[dropcap]O[/dropcap]ver the past 10 years, a little over a dozen Pakistani brands were launched in the global marketplace. Inspired by their success, many more are now aspiring to explore new possibilities overseas. If the trend picks up, it can help push up exports of the value-added, high priced quality products. While securing a place in a crowded global marketplace is difficult, the lack of respect for intellectual property rights (IPR) in the country makes the task more daunting. Pakistan’s perception as a violator of IPR does not help local firms amid not so conducive international environment.
Some food and beverage companies, engineering firms, drug makers, textile and garment producers, and leather product makers have opened shops or occupy shelves in super stores in Middle East, Far East, Africa, North America and Europe.The visibility of local brands in the global market, therefore, appears to be more of an outcome of initiatives undertaken by the more experienced entrepreneurs in the business community. But it does not necessarily indicate that the economy is entering the next stage of development. The stark reality is reflected in the relevant data. Hardly 10 percent of the business entities are trademarked. The government or the trade and professional bodies are preoccupied with more pressing problems to focus on the IPR issue.

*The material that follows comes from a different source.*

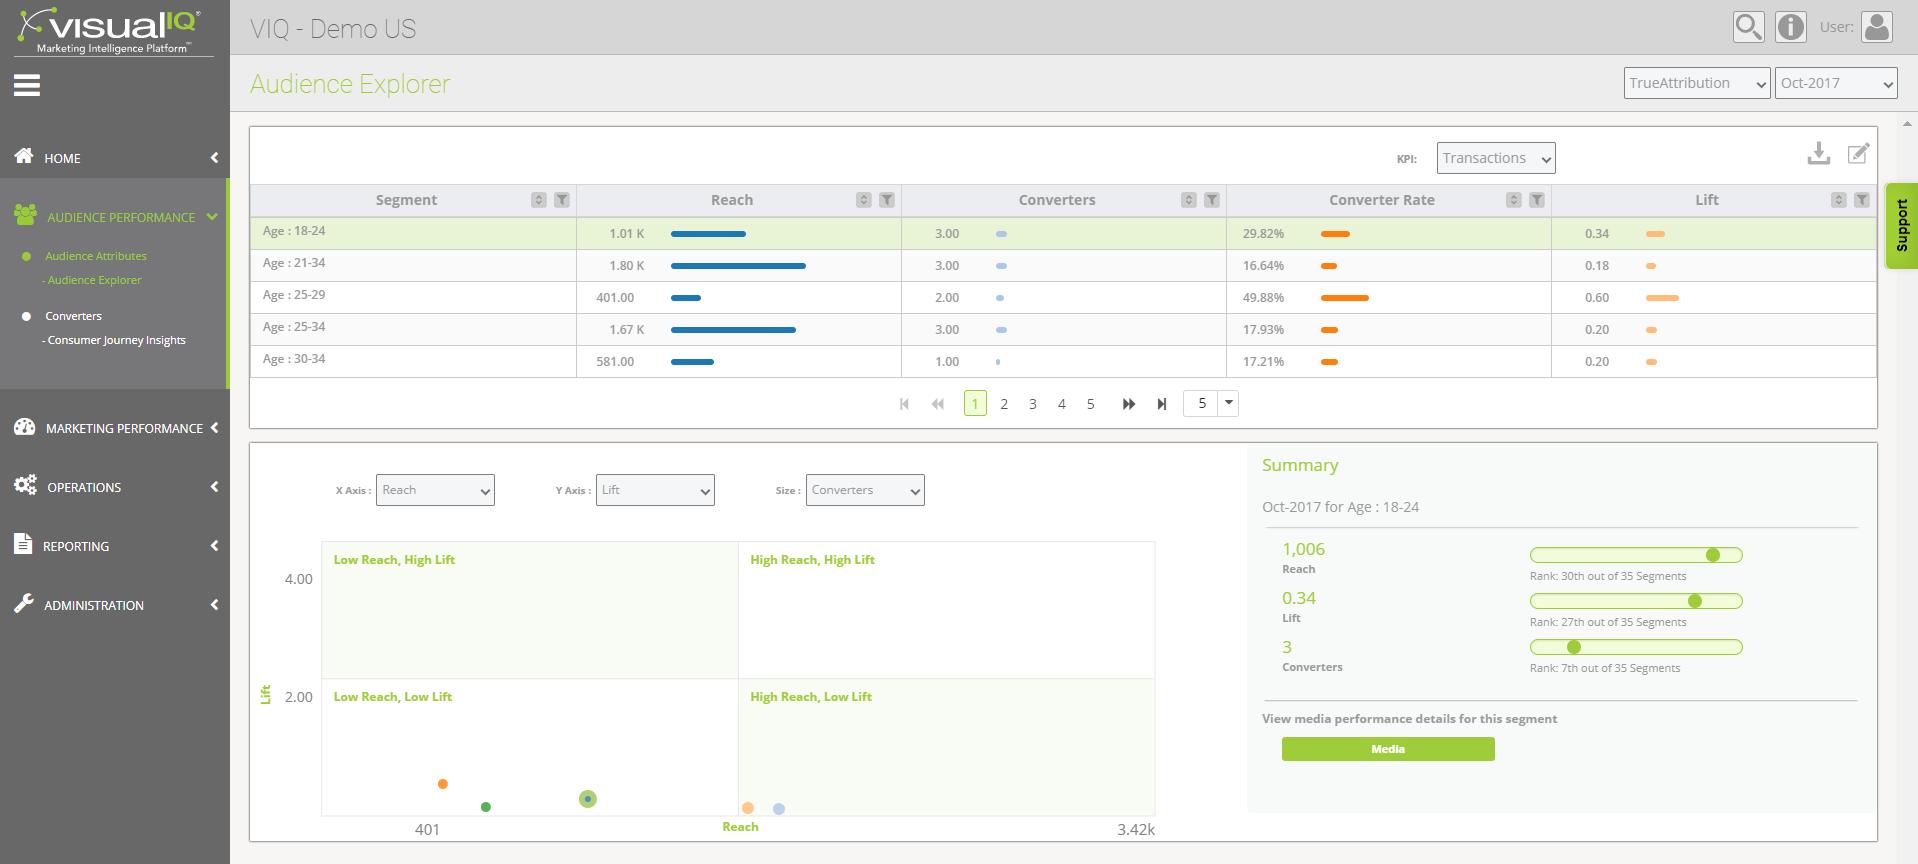 visual IQ Demo - Visual IQ Marketing Intelligence Platform - Audience Explorer

It is a fact that the awareness to conform to international standards and to invest in intangible assets to build businesses is low in Pakistan. The legal groundwork has been done under WTO tutelage, but the institutional framework is weak. Instead of complying with international norms of trade and manufacturing practices, the natural process of development of businesses is obstructed.
To comply with the requirements of the trade-related intellectual property rights (TRIPS) agreement, the Intellectual Property Organization (IPO) was created in 2005 to bring trademark, patent and copyright offices under one umbrella. However, so far IPO has failed to evolve into a vibrant entity to measure up to the challenges it faces in corruption-prone environment. Only companies that have gathered critical mass and aspire to gain a footprint in the global market engage law firms to handle IPR affairs. Others get their work done through agents at the trademark registry to save time.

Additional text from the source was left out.